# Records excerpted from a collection
-.-.-

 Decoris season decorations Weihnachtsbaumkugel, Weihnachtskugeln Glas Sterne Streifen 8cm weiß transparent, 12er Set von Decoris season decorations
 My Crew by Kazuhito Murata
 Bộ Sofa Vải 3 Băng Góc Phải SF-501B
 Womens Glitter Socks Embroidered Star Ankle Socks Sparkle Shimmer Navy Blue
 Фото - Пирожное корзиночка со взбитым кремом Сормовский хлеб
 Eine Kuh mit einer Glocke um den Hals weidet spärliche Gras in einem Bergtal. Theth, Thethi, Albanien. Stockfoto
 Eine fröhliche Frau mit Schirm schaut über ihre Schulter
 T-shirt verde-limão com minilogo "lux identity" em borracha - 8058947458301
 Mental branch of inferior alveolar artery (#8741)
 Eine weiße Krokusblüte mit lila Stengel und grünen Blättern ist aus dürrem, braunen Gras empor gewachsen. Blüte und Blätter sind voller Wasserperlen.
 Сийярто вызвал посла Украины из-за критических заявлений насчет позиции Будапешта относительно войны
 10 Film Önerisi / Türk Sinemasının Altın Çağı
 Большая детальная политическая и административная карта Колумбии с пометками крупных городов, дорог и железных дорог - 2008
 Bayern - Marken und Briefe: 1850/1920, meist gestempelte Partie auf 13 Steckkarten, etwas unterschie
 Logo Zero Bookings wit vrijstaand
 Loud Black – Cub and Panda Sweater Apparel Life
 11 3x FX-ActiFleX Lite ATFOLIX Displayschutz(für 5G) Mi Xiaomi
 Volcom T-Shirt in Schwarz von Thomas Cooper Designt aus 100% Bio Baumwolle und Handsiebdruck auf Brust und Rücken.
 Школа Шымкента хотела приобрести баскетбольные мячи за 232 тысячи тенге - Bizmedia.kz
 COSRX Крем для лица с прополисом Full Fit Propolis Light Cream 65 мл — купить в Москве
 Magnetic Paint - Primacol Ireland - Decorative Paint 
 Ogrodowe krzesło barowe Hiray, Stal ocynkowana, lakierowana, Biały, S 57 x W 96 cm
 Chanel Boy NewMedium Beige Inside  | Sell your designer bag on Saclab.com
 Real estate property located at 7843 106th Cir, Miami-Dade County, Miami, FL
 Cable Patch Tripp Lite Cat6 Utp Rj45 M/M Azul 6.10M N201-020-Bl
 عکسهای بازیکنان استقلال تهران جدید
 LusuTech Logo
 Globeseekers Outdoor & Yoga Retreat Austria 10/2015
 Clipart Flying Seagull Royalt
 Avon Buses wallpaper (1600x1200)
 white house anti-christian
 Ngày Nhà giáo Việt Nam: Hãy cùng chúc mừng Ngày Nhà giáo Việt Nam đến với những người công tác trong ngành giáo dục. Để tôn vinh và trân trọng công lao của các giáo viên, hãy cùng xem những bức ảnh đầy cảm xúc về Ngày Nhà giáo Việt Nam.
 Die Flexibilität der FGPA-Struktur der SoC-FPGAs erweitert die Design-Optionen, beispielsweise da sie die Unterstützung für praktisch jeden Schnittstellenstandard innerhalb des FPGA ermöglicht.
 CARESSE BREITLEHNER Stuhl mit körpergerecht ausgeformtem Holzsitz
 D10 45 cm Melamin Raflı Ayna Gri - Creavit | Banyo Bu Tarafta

-.-.-

# Exercise
Gather all lines of the records that include the word "Eine".

# Finished exercise
 Eine Kuh mit einer Glocke um den Hals weidet spärliche Gras in einem Bergtal. Theth, Thethi, Albanien. Stockfoto
 Eine fröhliche Frau mit Schirm schaut über ihre Schulter
 Eine weiße Krokusblüte mit lila Stengel und grünen Blättern ist aus dürrem, braunen Gras empor gewachsen. Blüte und Blätter sind voller Wasserperlen.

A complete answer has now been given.